We have some iid (independent and identically distributed) observations (or data) \(x=(x_1,x_2,...,x_n)\) from a random variable \(X\) with a probability density function \(f\). Suppose that we don’t know the exact \(f\), but we know its general form and describe this form using some parameters \(\theta=(\theta_1,\theta_2,...,\theta_n)\). So, \(\theta\) defines a family of probability density functions \(f(x|\theta)\). If we fix \(\theta\), then we get an exact form for \(f\). An exact form for \(f\) give us all the information that we need as we can calculate the probability of ocurrence of each possible observation.
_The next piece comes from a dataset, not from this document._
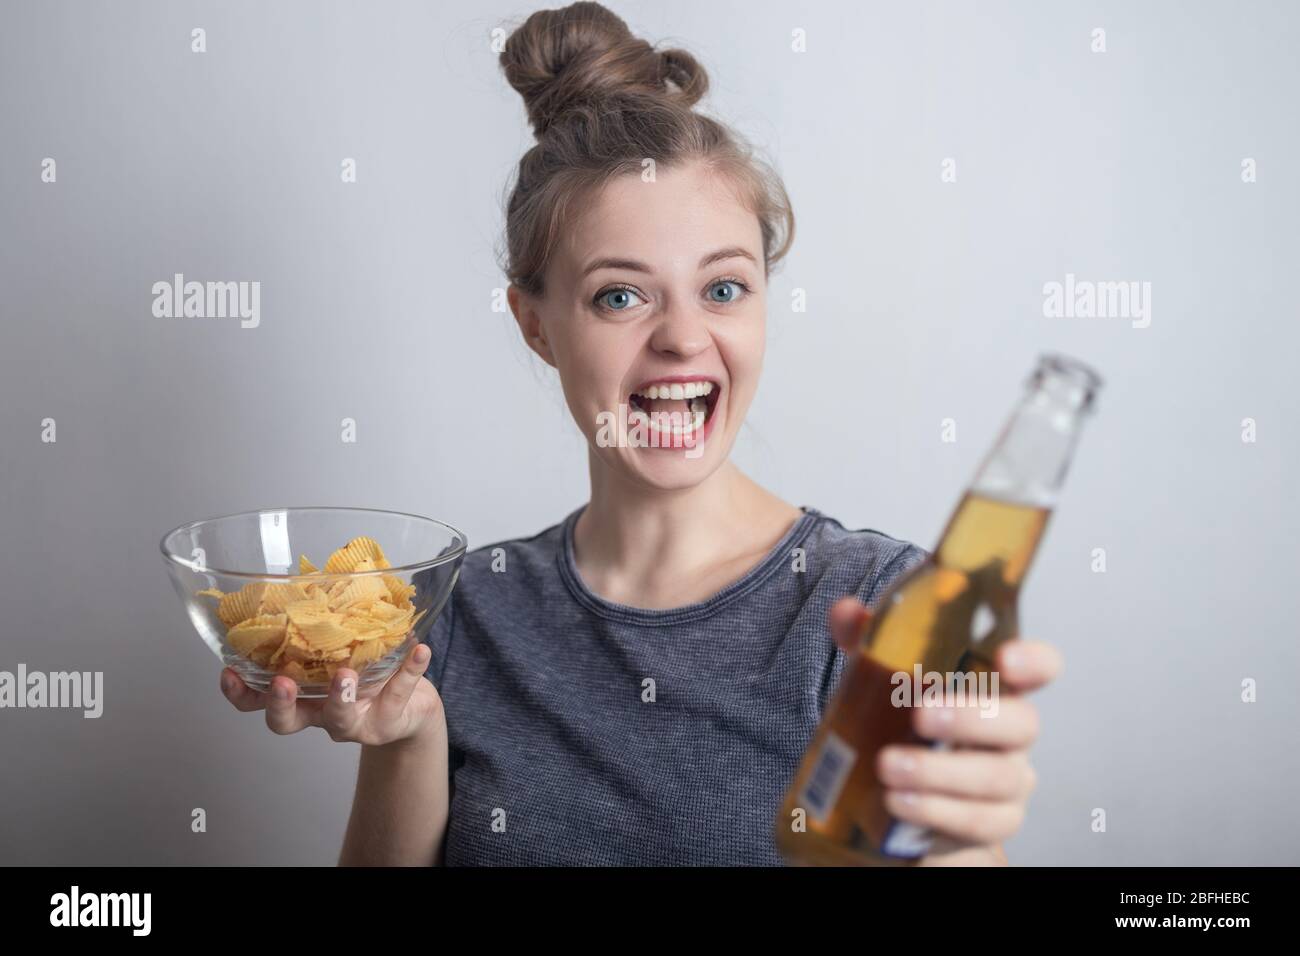 Sonriente joven mujer caucásica niña bebiendo una botella de cerveza y sosteniendo patatas fritas crujientes Foto de stock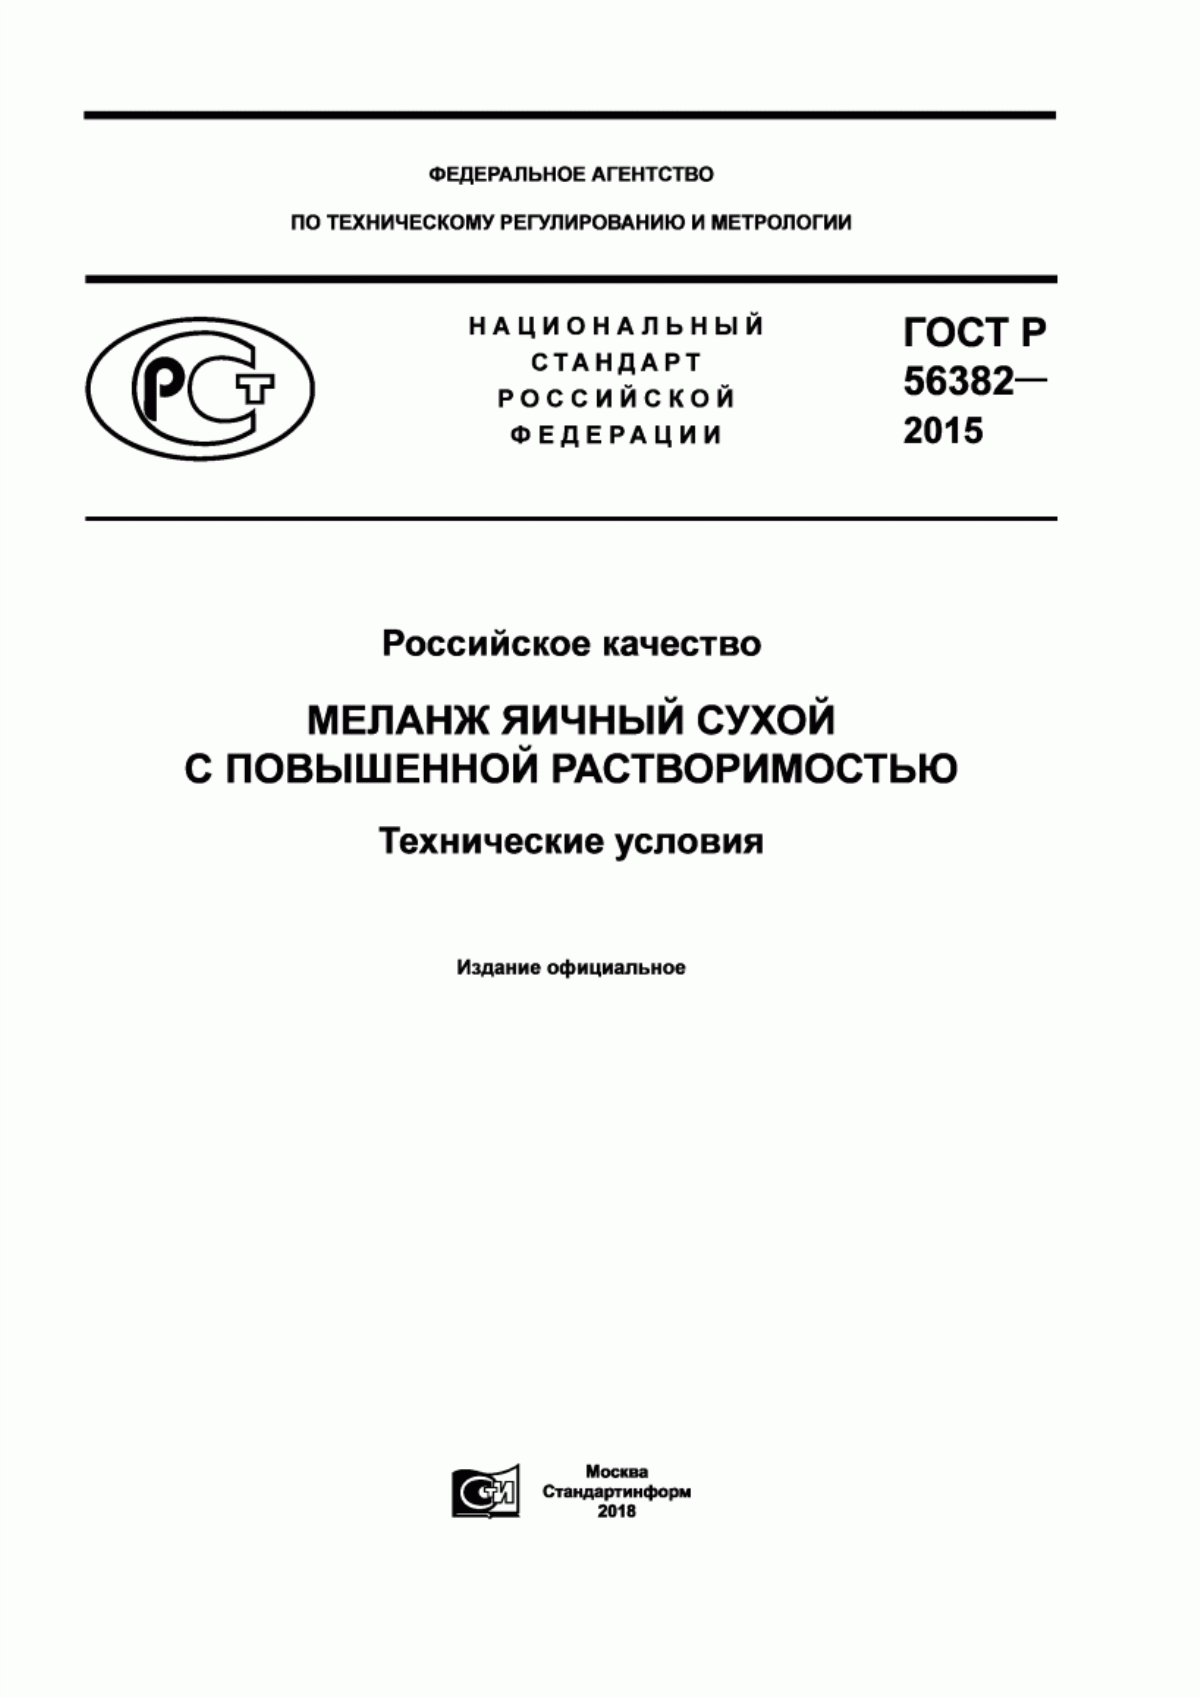 ГОСТ Р 56382-2015 Российское качество. Меланж яичный сухой с повышенной растворимостью. Технические условия

Let’s suppose that we know the parametric family of probability density functions, but we don’t know \(\theta_0\), the true value of the paramaters. Maximum likelihood estimation (MLE) is a method to estimate it, that is, it is a method to estimate the exact form of \(f\) given \(x=(x_1,x_2,...,x_n)\) .

Before defining the likelihood function notice that a sample from X, the observations \(x=(x_1,x_2,...,x_n)\), is a random variable itself. Then, because the observations are independent, the probability density function for the sample \(f_n\) (joint density function when \(X\) is continous) is \[ f_n(x_1,x_2,...,x_n|\theta)=f(x_1|\theta)f(x_2|\theta)...f(x_n|\theta).\]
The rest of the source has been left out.